Is there such a thing as an English compositional tradition in the twentieth century? And if so, what is Britten’s place in it? Harrison Birtwistle thought not, and one can understand why. There is no obvious point of continuity from one generation to another: Parry and Elgar’s reference points are Austro-German, while Holst’s and Vaughan Williams’s music is modally based and considerably affected by English folk music. Delius spent most of his life outside England, and his aesthetic and compositional predilections are the most difficult to relate to a tradition.

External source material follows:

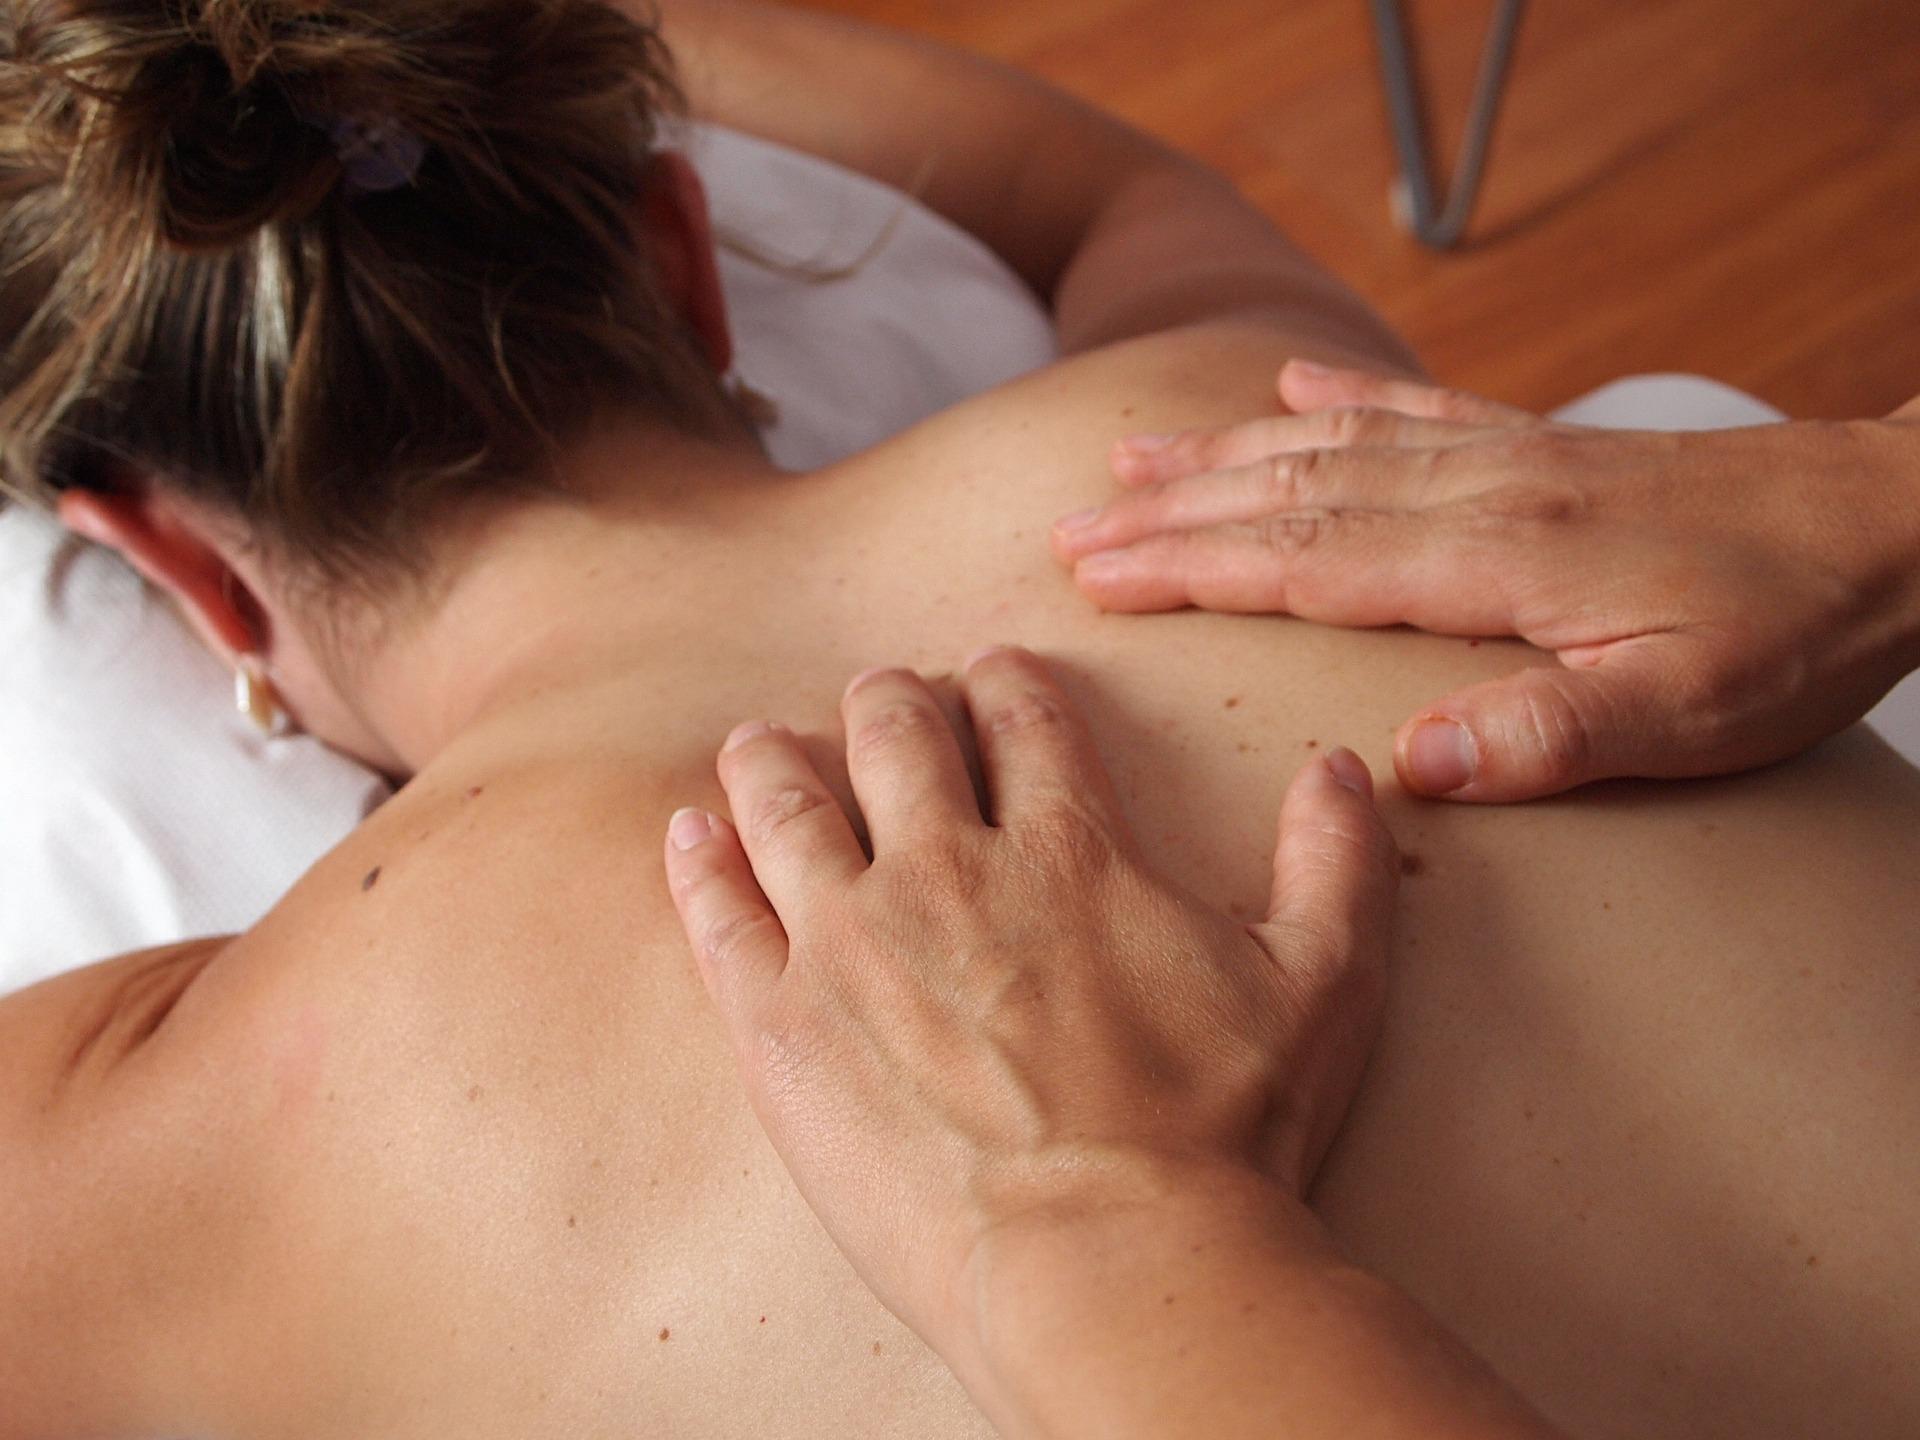 El masaje terapeútico y sus beneficios

Britten and Tippett both abjured what they saw as the stultifying nationalism of Holst and Vaughan Williams and embraced aspects of international modernism. Despite the fractures, however, there are aspects in common: it is through themes from English landscape and literature that connections between generations are most clearly seen: in pastoralism, for instance, whether ‘soft’ or ‘hard’; in the role of melancholy; in the preference for particular genres; and in the reworking of aspects of the English musical past.